DATA BELOW:
--------------------------------
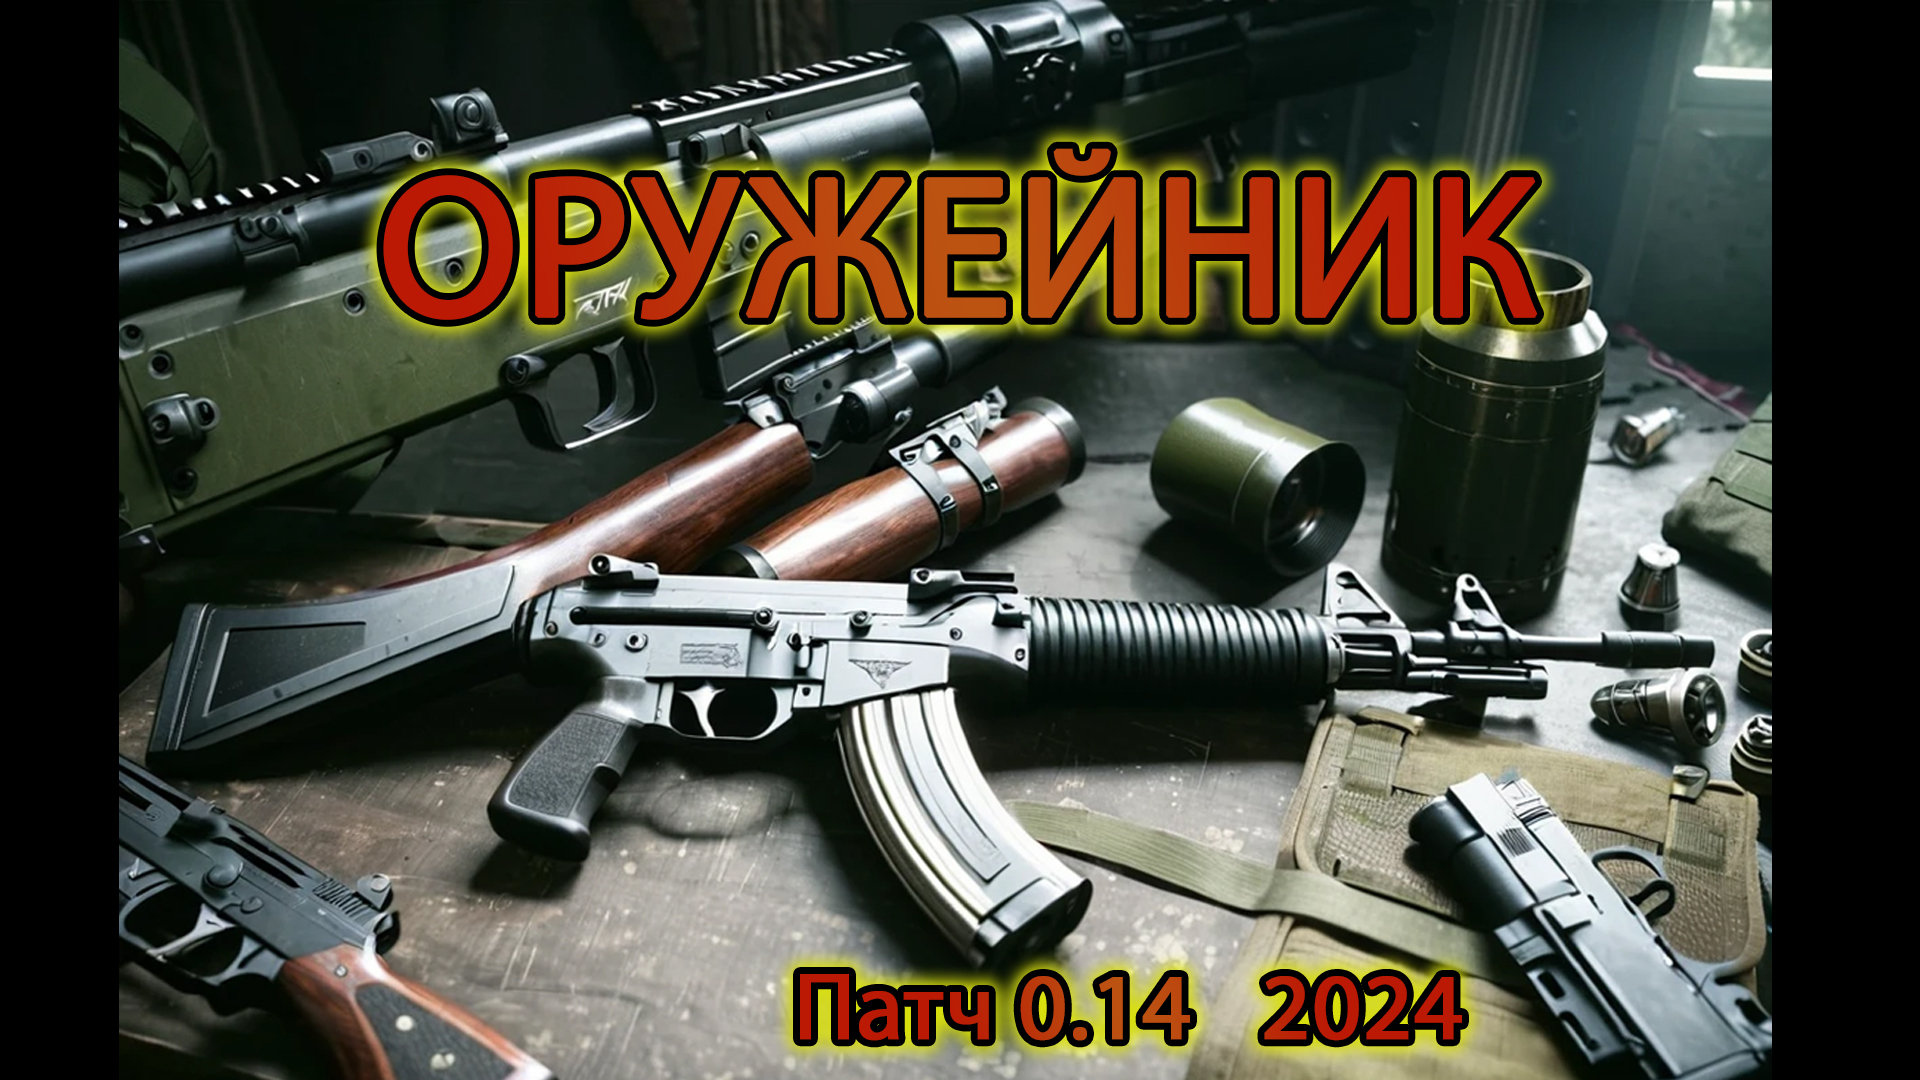 Оружейник часть 3 Патч 0.14.0.1 2024 (video-converter.com)
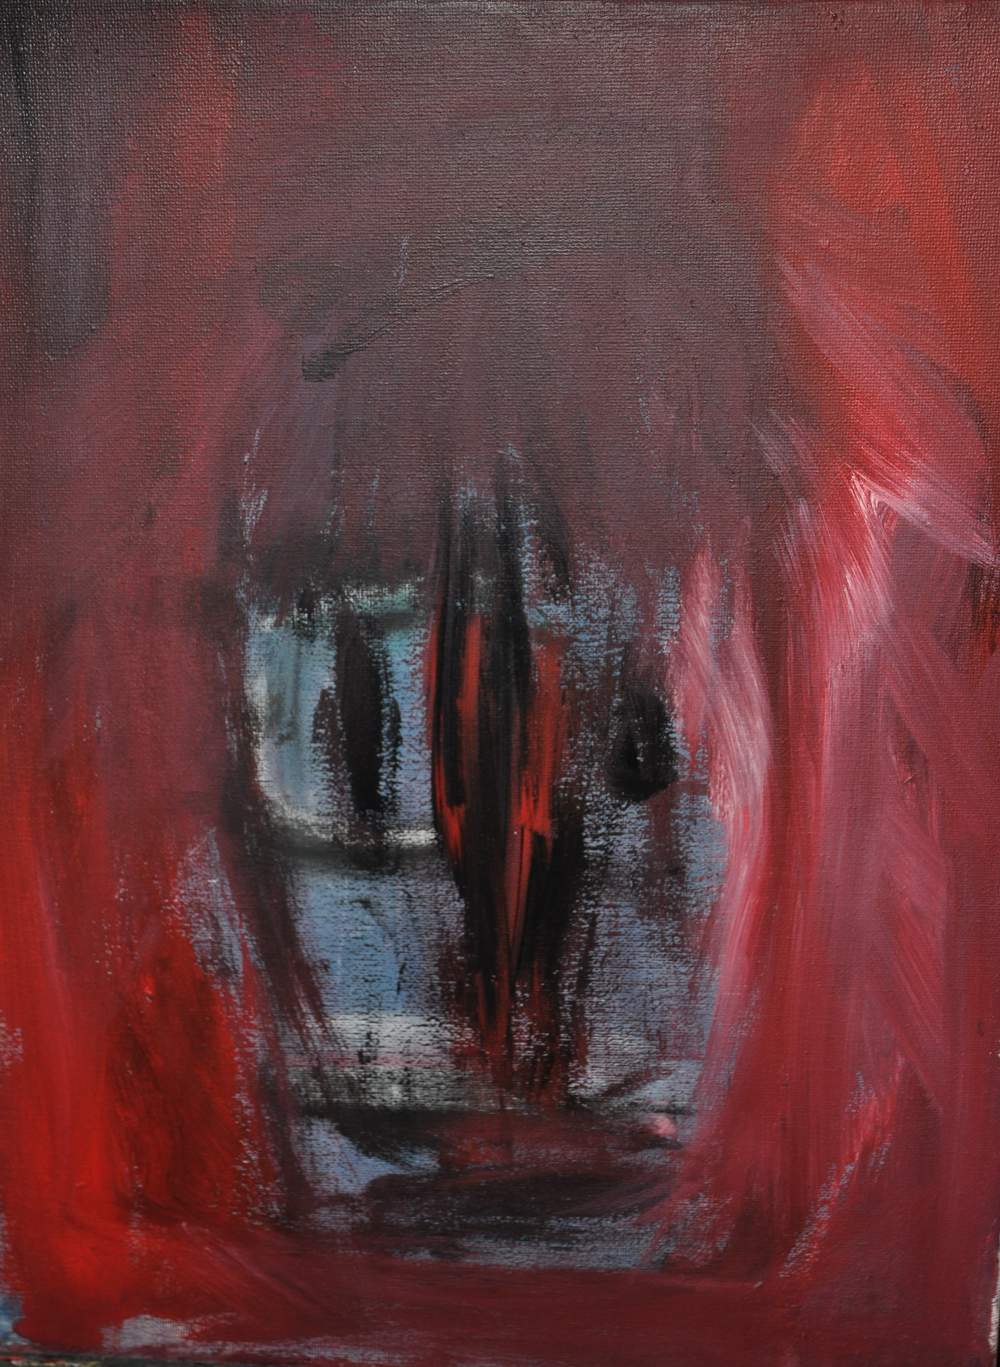 Willi_ Aders-Zimmermann:  Gesicht auf rotem Hintergrund  Acryl auf Leinwand  40x30
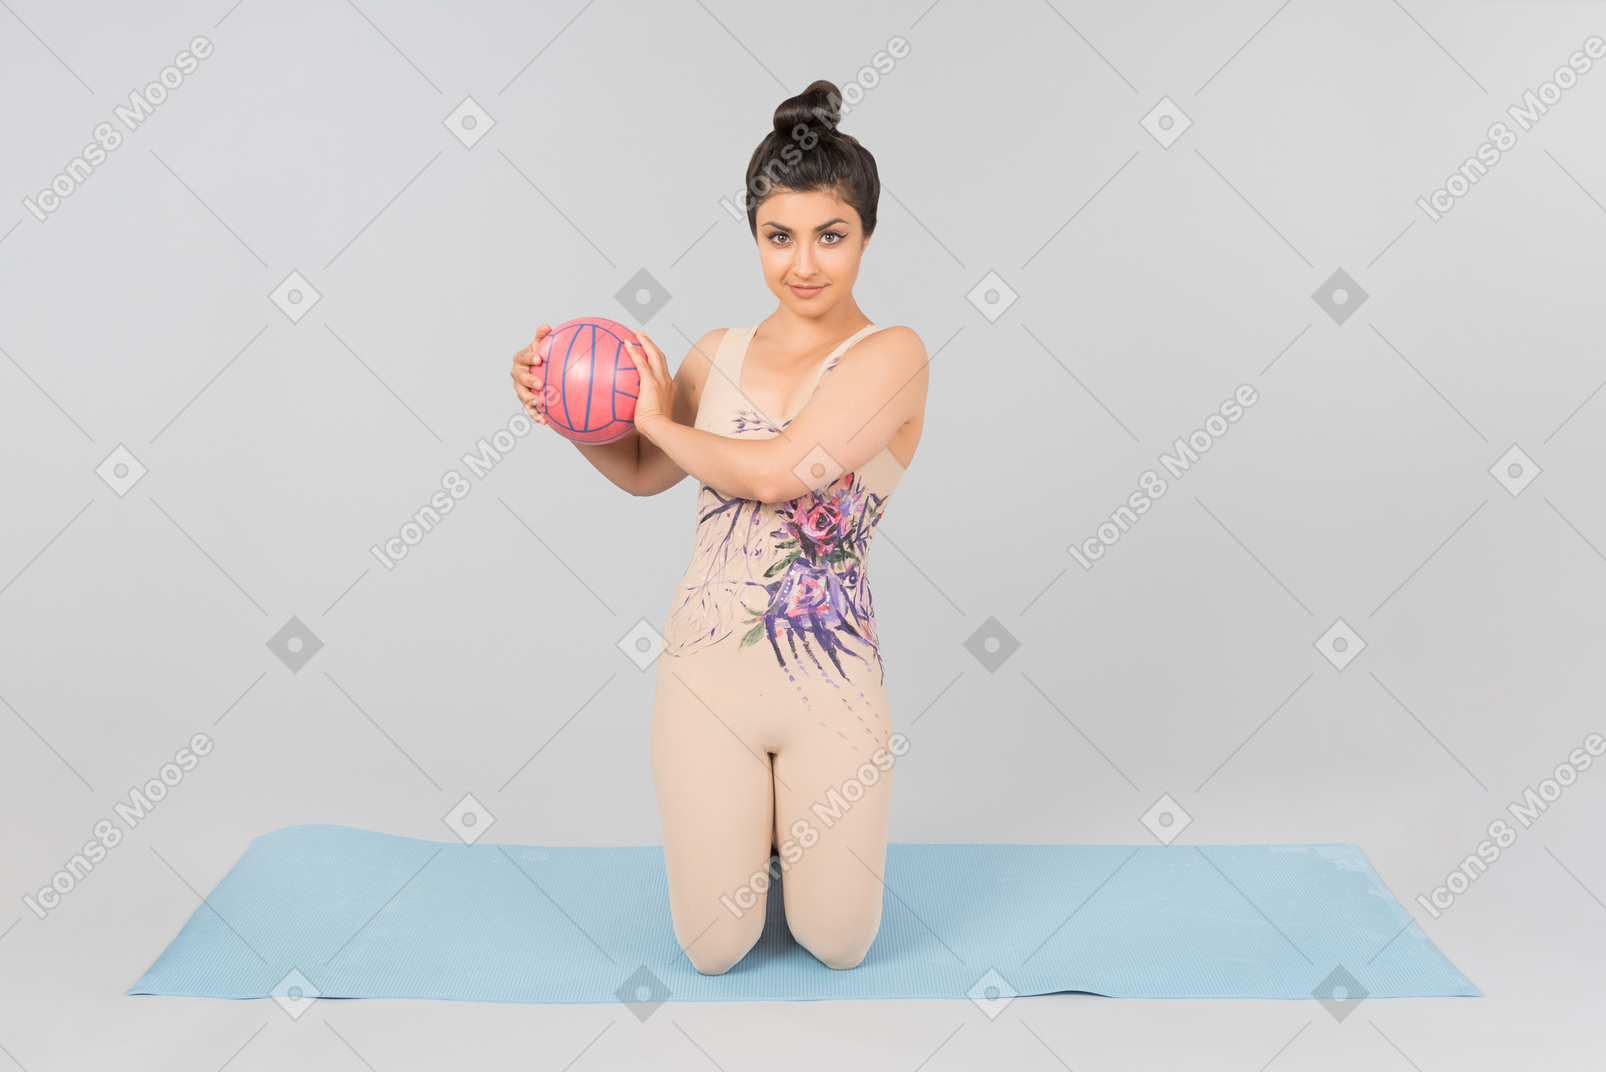 Joven gimnasta india sentada sobre una estera de yoga y sosteniendo la pelota con ambas manos
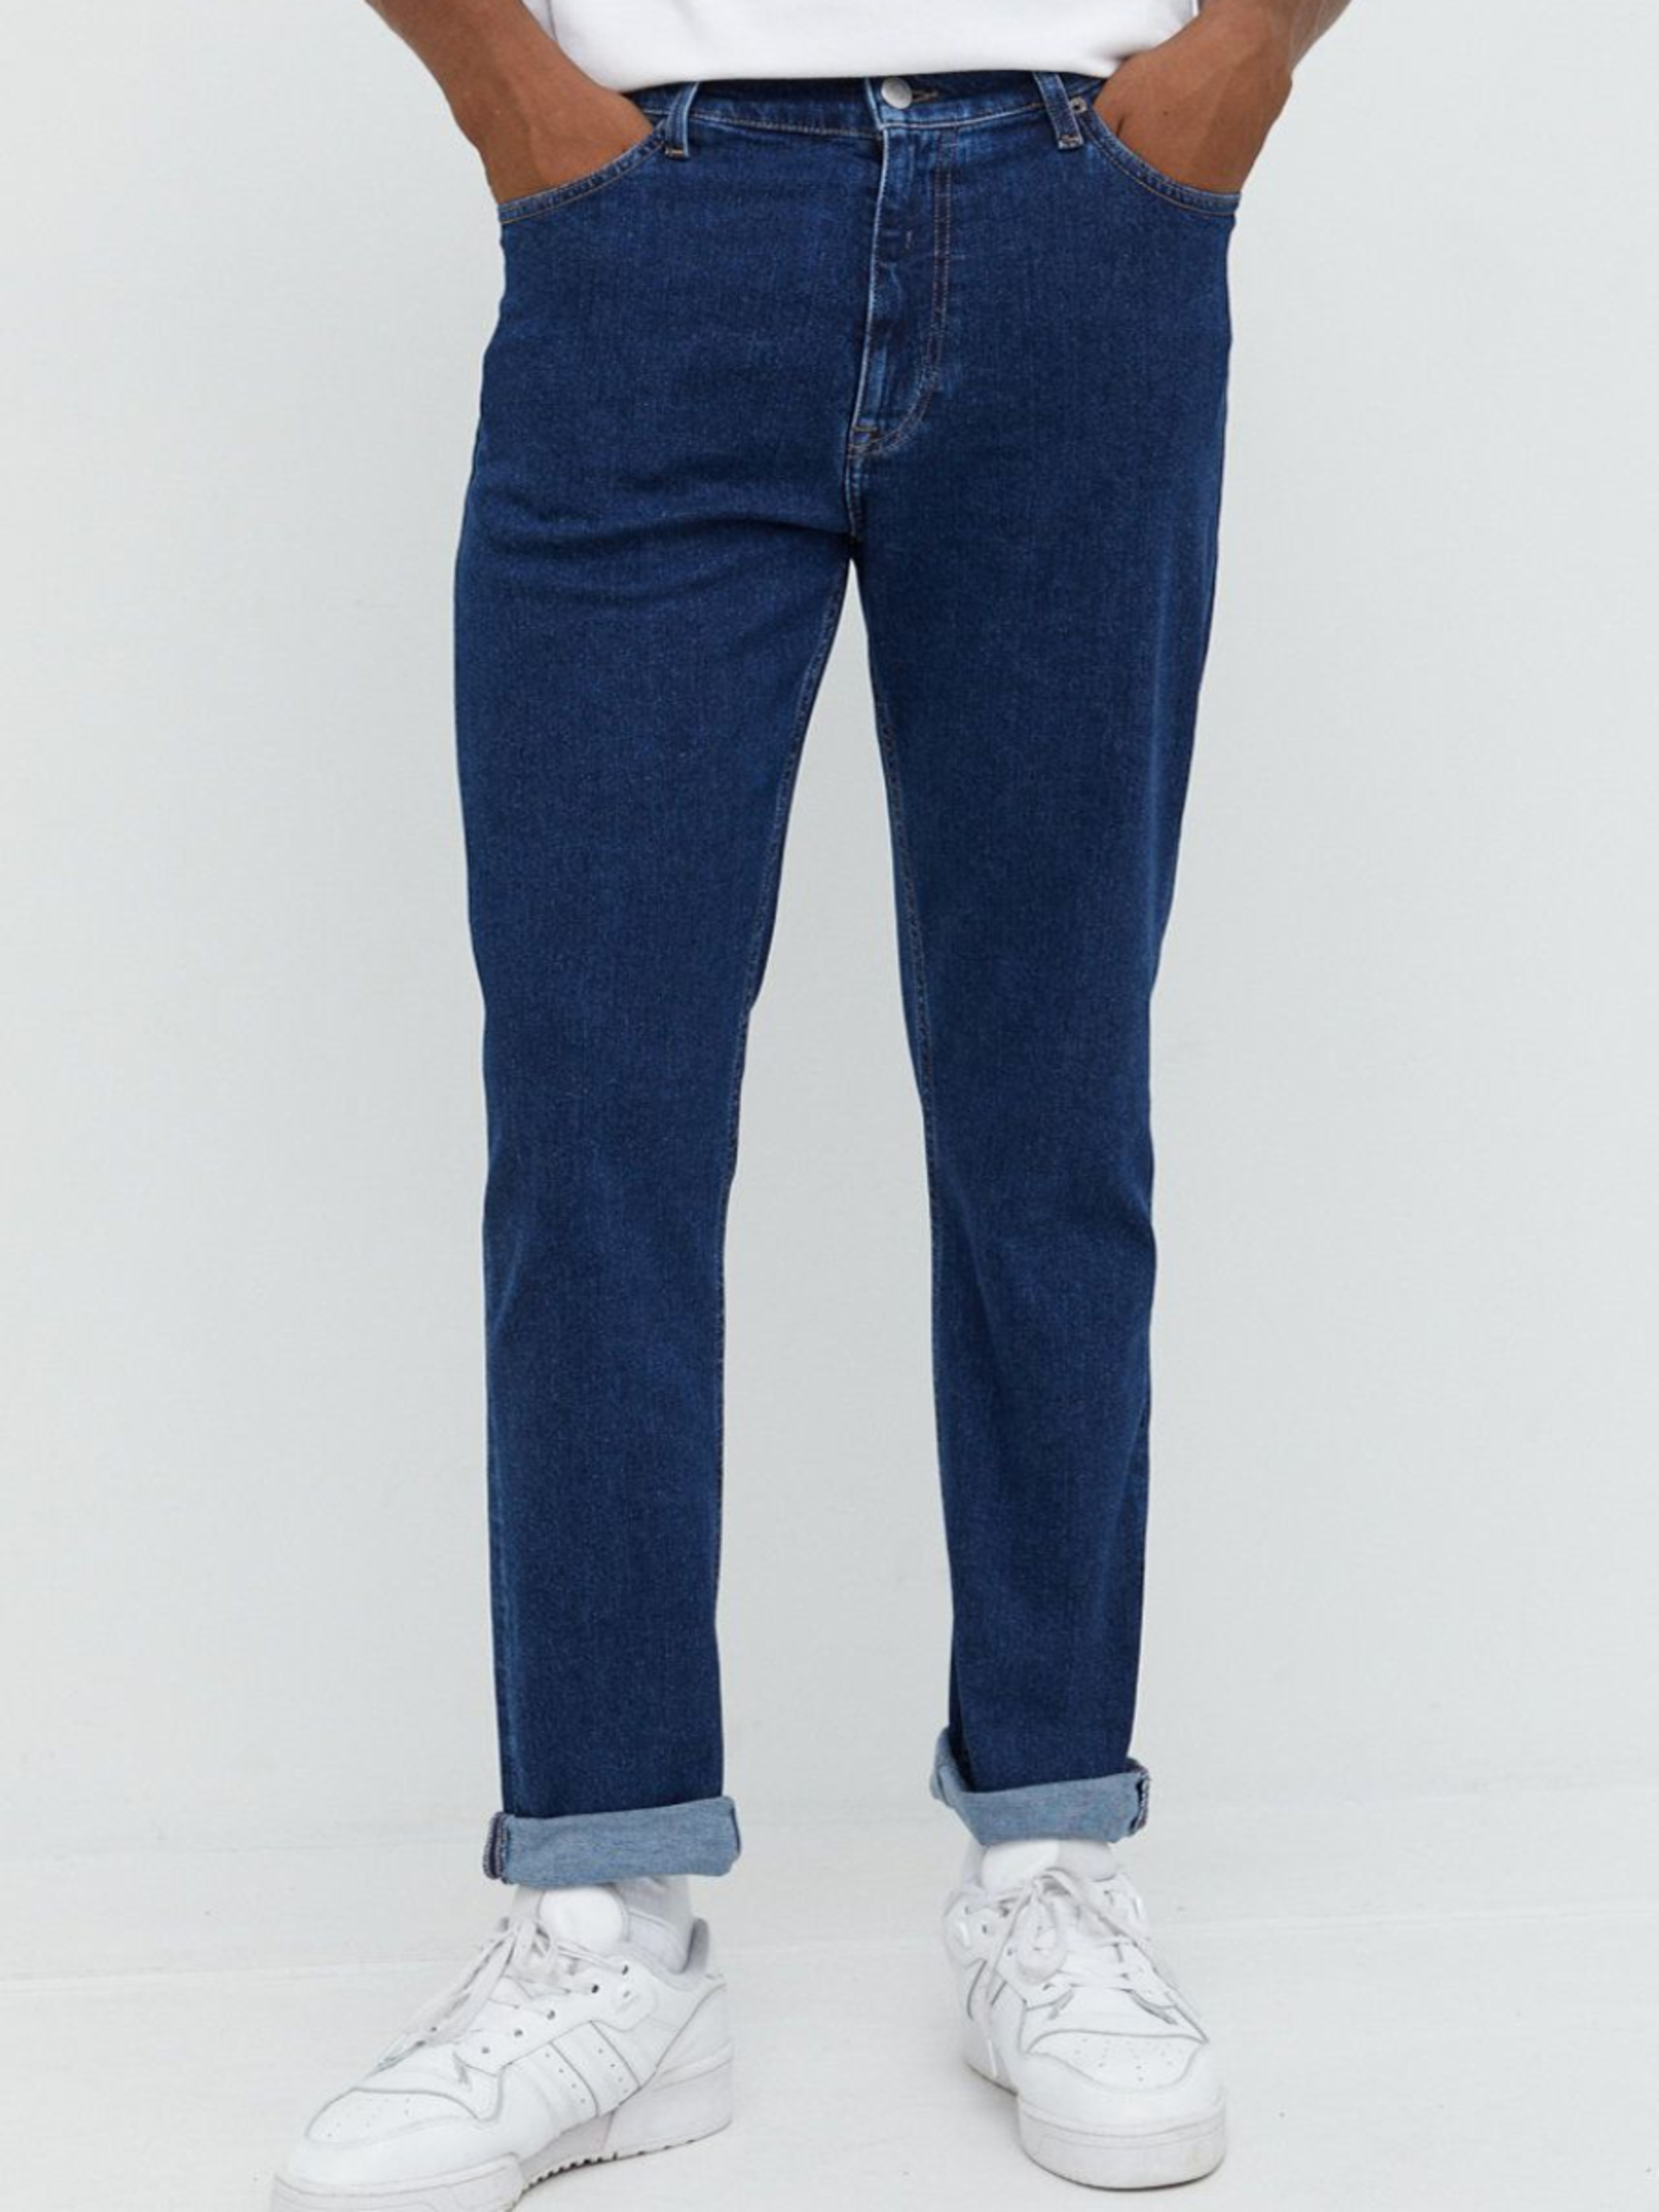 Tommy Jeans pánské modré džíny DAD JEAN - 32/32 (1BK)
--------------------------------
AIM OF THE TASK:
What belongs in the answer is each line above, reproduced exactly, and no picture.

EXERCISE ANSWER:
 Оружейник часть 3 Патч 0.14.0.1 2024 (video-converter.com)
 Willi_ Aders-Zimmermann:  Gesicht auf rotem Hintergrund  Acryl auf Leinwand  40x30
 Joven gimnasta india sentada sobre una estera de yoga y sosteniendo la pelota con ambas manos
 Tommy Jeans pánské modré džíny DAD JEAN - 32/32 (1BK)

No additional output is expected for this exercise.